Since the circle passes through points (2, 3) and (-1, 1).

=> (2 - h)² + (3 - k)² = r².........(i).

=> (-1 - h)² + (1 - k)² = r².........(ii).

Since the centre (h, k) of the circle lies on line => x - 3y - 11 = 0

=> x - 3y = 11 ..........(iii).

From equation (i). and (ii), we obtain

=> (2 - h)² + (3 - k)² = (-1 - h)² + (1 - k)²

=> 4 - 4h + h² + 9 - 6k + k² = 1 + 2k + h² + 1 - 2k + k²

=> 4 - 4h + 9 - 6k = 1 + 2k + 1 - 2k

=> 6h + 4k = 11 ........(iv).

On solving equations (iii) and (iv), we obtain

• h = 7/2 and k = -5/2

On substitution the values of h and k in equation (i), we obtain.
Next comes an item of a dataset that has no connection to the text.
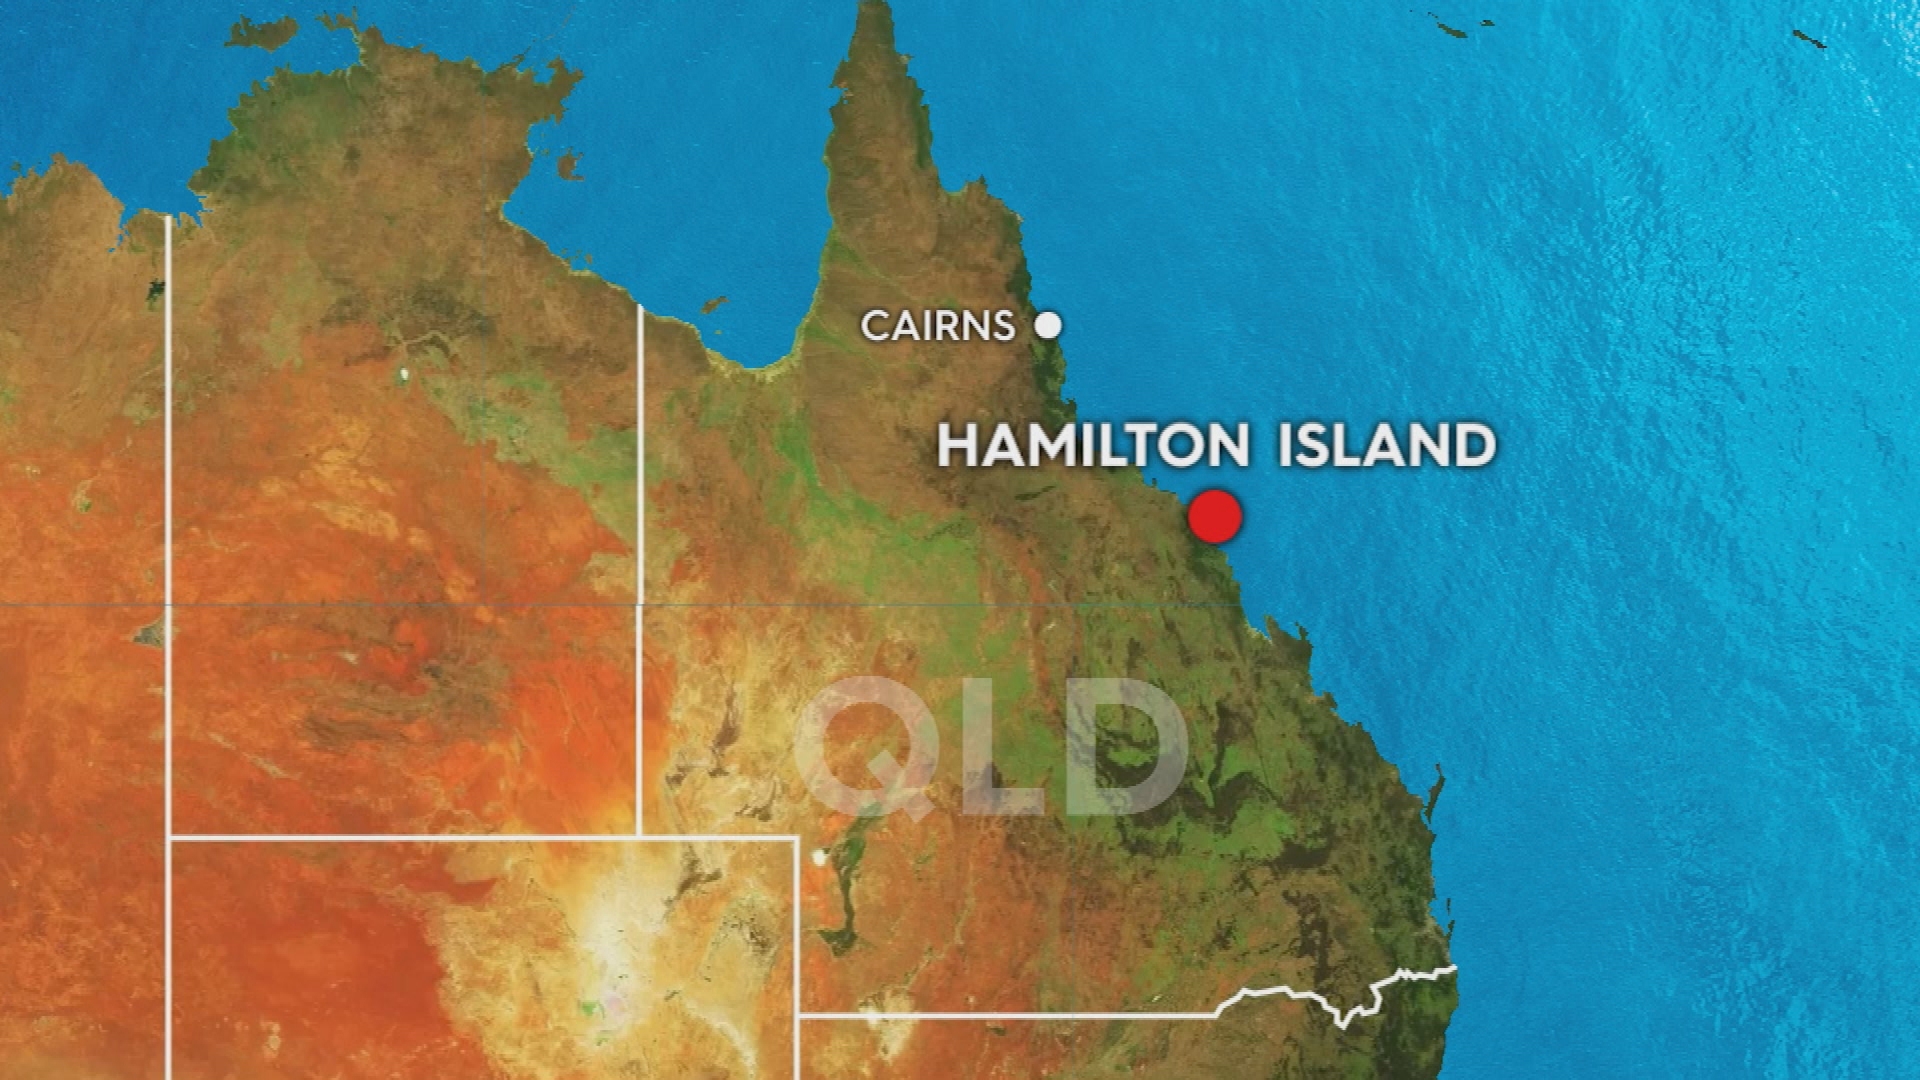 Four feared dead in military helicopter crash during Exercise Talisman Sabre off Hamilton Island.
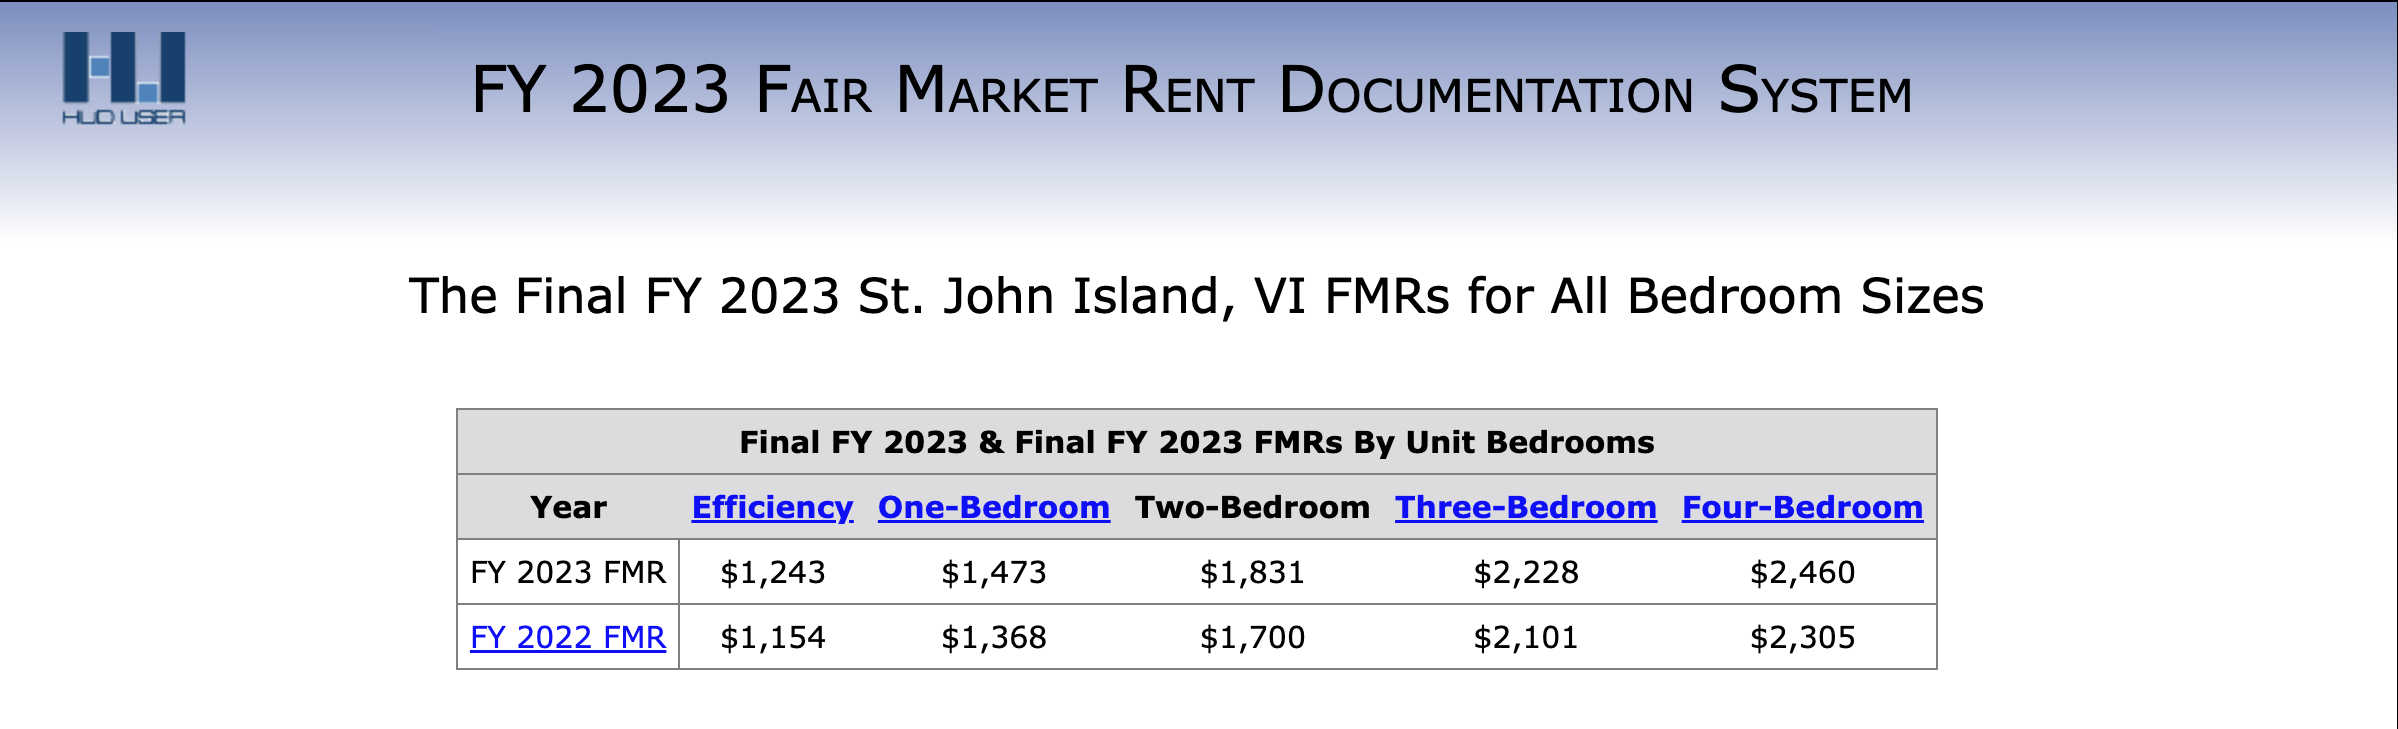 HUD Releases 2023 Fair Rent Prices For St. Croix, St. Thomas and St. John

=> (2 - 7/2)² + (3 - 5/2)² = r²

=> (4 - 7/2)² + (6 + 5/2)² = r²

=> (-3/2)² + (11/2)² = r²

=> 9/4 + 121/4 = r²

=> 130/4 = r²

So, the equation of the circle.

=> (x - 7/2)² + (y + 5/2)² = (130/4)²

=> (2x - 7/2)² - (2y + 5/2)² = 130/4

=> 4x² - 28x + 49 - 4y² + 20y - 56 = 0

=> 4x² + 4y² - 28x + 20y - 56 = 0

=> 4(x² + y² - 7x + 5y - 14) = 0

=> x² + y² - 7x - 5y - 14 = 0

Hence, the equation of the required circle is x² + y² - 7x - 5y - 14 = 0.